I can't see a way to accomplish what you are after short of mimicking one of the commercial tools. First you have to find out what information you need out of the RAM. That must be discoverable via examination of the TC source code, but just because it's possible doesn't mean it would be easy. I suspect that DaveHowe is correct - you won't get the password out of RAM because it isn't there, except during and immediately after it is entered by the user. That's not what you are after - you want something you can grab hours/days later as long as the volume remains open. So the steps seem to be:

1. Identify what data you are actually after (in TC source code)
2. Identify a way to locate that data in RAM (in TC source code as well?)
3. Identify a way to read/copy the RAM that TC uses while running (standard tool?)
4. Use 1-3 together to copy the necessary data
5. Use the data to open the volume without the password (altered TC binary?)

Not a lot of tools indicated there... mostly elbow grease. I'm guessing the utility you would use to read/copy RAM in use by another program is very mundane, if not built into most OSes already, but that's not my area of experience.
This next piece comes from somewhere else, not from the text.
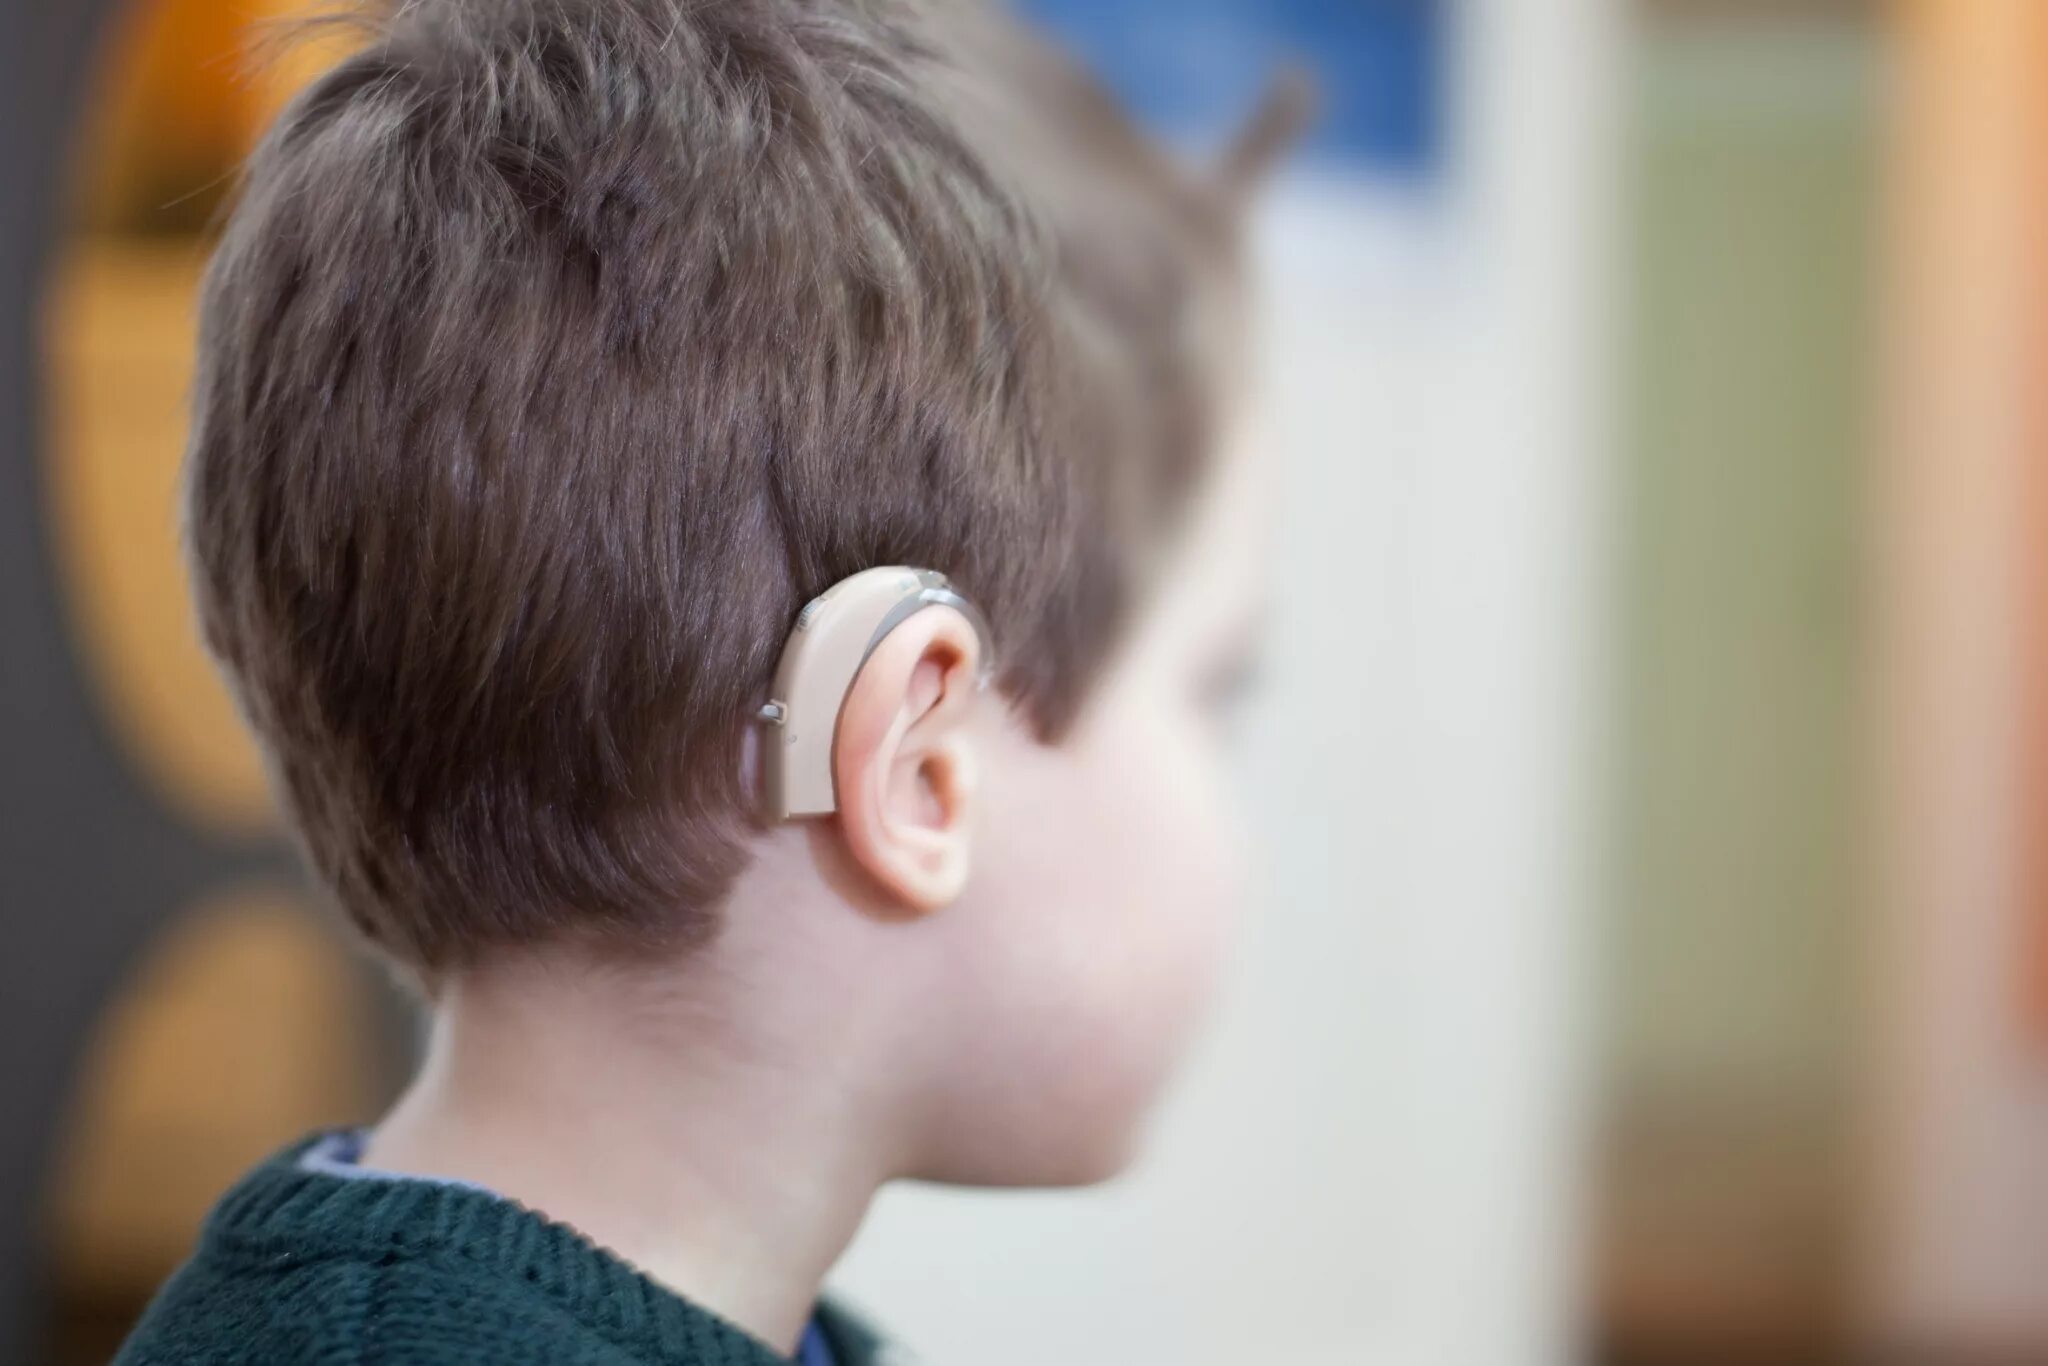 Коррекция нарушения слуха. Аппарат для глухих кохлеарная имплантация. Аппарат Cochlear кохлеарный. Слуховой аппарат Cochlear 8. Кохлеарный имплант Кохлер.

That's also where this method can be killed. Aren't there some hardware-based solutions to this kind of attack? Secure RAM based on an embedded chip that has its own security certificate? The only way around that - assuming the private key was truly unrecoverable from the chip, which isn't much of a leap for us non-NSA folk - would be some kind of man-in-the-middle attack that fooled TC into using something other than the secure RAM. And the certificate architecture will have been engineered specifically to combat that. In fact the more mundane approaches like keylogging are probably the reason why secure memory isn't very common. How much practical good can secure RAM do when the rest of the system is an open book?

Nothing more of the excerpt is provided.